Optional OpenCode plugin usage is separate from the MCP server command:
```json
{
"plugin": ["kibi-opencode"]
}
```
Use the plugin when you want OpenCode prompt guidance and background sync/check
maintenance. Keep the `mcp.kibi` entry configured against the project-local
`kibi-mcp` binary either way.
`kibi-opencode` auto-updates its cached OpenCode plugin package by default on
startup. To keep the plugin fixed, pin an exact version in the plugin array,
for example `"kibi-opencode@0.15.0"`; MCP/CLI/core project dependencies remain
under your package manager's control.
## Quick Start
Initialize kibi in your repository:
```bash
# Verify environment prerequisites
npm exec -- kibi doctor
# Initialize .kb/ and install git hooks
npm exec -- kibi init
# Parse markdown docs and symbols into branch KB
npm exec -- kibi sync
# Discover relevant knowledge before exact lookups
npm exec -- kibi search auth
# Inspect current branch snapshot and freshness
npm exec -- kibi status
# Run integrity checks
npm exec -- kibi check
```
> **Note:** `kibi init` installs git hooks by default and writes `.kb/` ignore entries to `.gitignore`. Hooks automatically sync your KB on branch checkout and merge.
### Typical discovery workflow
```bash
# Explore the KB first
npm exec -- kibi search login
# Then follow up with exact/source-linked queries
npm exec -- kibi query req --source src/auth/login.ts --format table
# Check branch attachment and freshness when needed
npm exec -- kibi status
# Ask focused reporting questions
npm exec -- kibi gaps req --missing-rel specified_by,verified_by --format table
npm exec -- kibi coverage --by req --format table
```
## Documentation
- **[Installation Guide](docs/install.md)** — Prerequisites, SWI-Prolog setup, and verification steps
- **[CLI Reference](docs/cli-reference.md)** — Complete command documentation with all flags and options
- **[Troubleshooting](docs/troubleshooting.md)** — Recovery procedures and common issues
- **[Entity Schema](docs/entity-schema.md)** — Entity types, relationships, and examples
- **[Architecture](docs/architecture.md)** — System architecture and component descriptions
- **[Inference Rules](docs/inference-rules.md)** — Validation rules and constraint logic
- **[MCP Reference](docs/mcp-reference.md)** — MCP server documentation
- **[LLM Prompts](docs/prompts/llm-rules.md)** — Ready-to-copy system prompts for agents
- **[AGENTS.md](AGENTS.md)** — Guidelines for AI agents working on kibi projects
- **[Contributing](CONTRIBUTING.md)** — Development setup and contributor workflow
## Release and Versioning
Kibi uses a two-branch release model with [Changesets](https://github.com/changesets/changesets). Work happens on `develop`, where version bumps are applied. The `master` branch is publish-only.
### Release Flow
1. **Development**: Create changesets on `develop` as you work.

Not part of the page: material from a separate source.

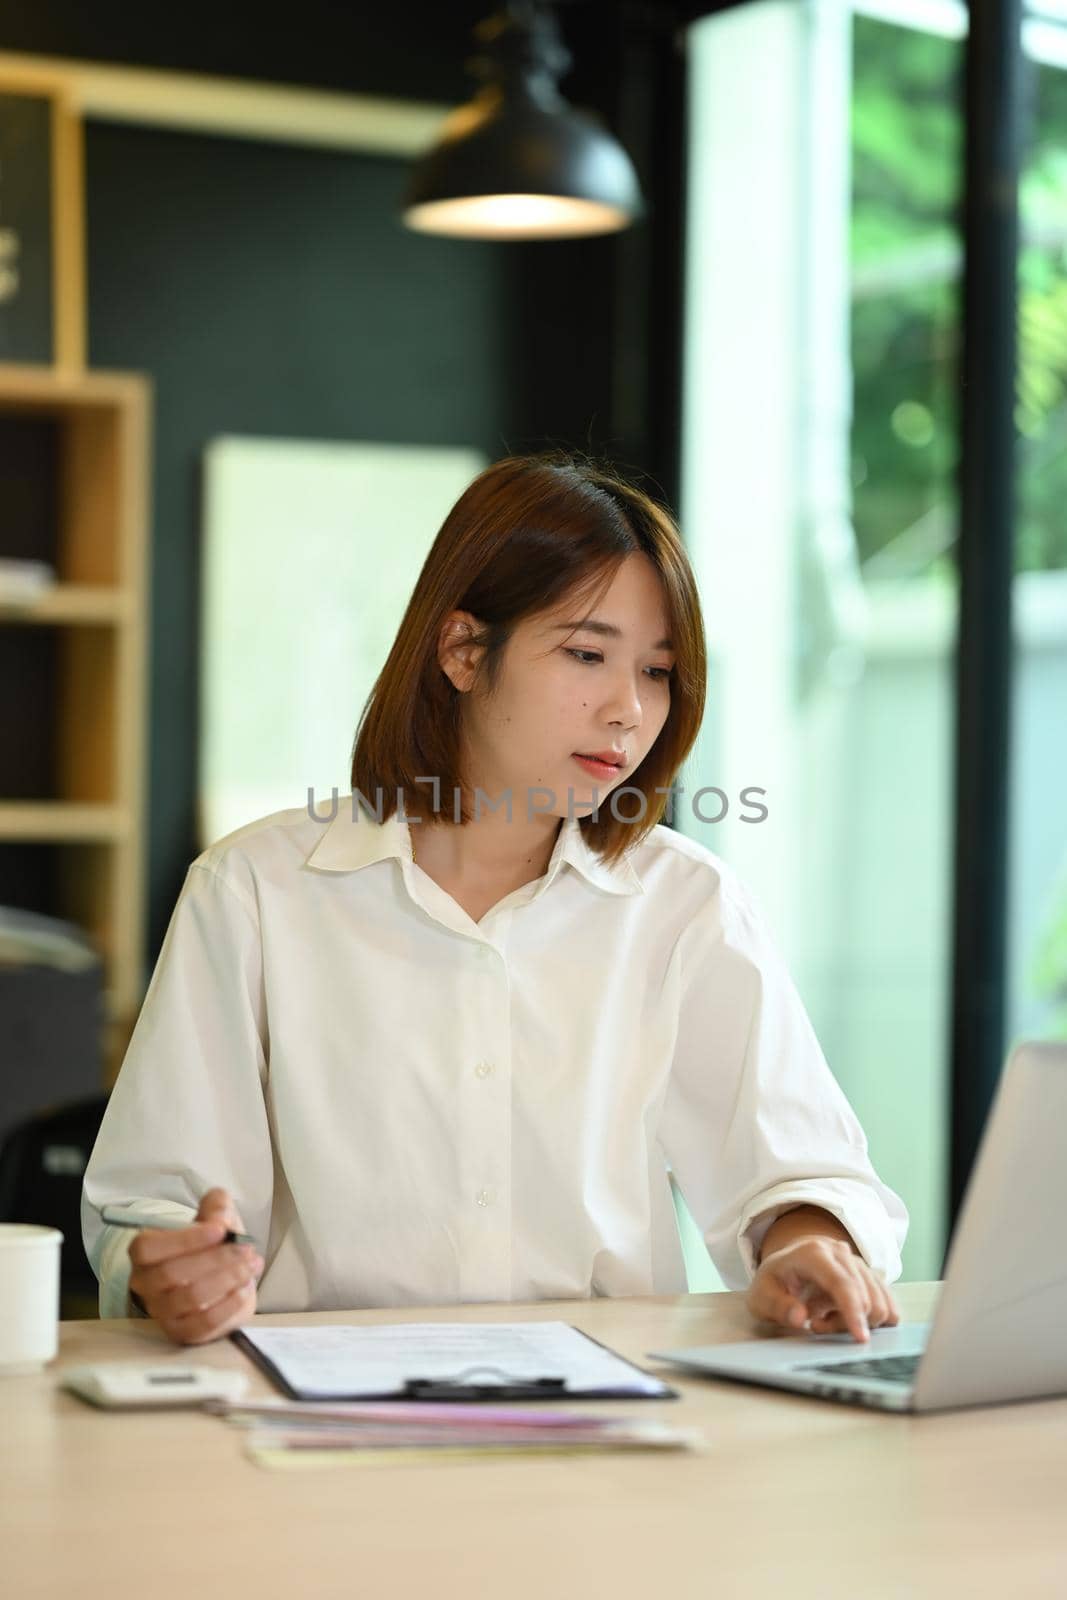 Professional businesswoman checking business email or checking online information on her laptop computer.

2. **Versioning**: Run `bun run version-packages` on `develop` to apply bumps.
3. **Merge**: Merge `develop` into `master`.
4. **Publish**: `master` CI builds and publishes new versions to npm.

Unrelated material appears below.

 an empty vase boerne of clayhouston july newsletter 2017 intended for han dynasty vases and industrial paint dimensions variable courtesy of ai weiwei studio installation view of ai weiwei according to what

There is no `master → develop` back-merge.
```bash
# Add release metadata (run on develop)
bun run changeset
# Apply version bumps (run on develop)
bun run version-packages
```
---
⚠️ **Alpha Status:** Kibi is in early alpha. Expect breaking changes. Pin exact versions of `kibi-cli`, `kibi-mcp`, `kibi-opencode`, and `kibi-codex` in your projects, and expect to occasionally delete and rebuild your `.kb` folder when upgrading.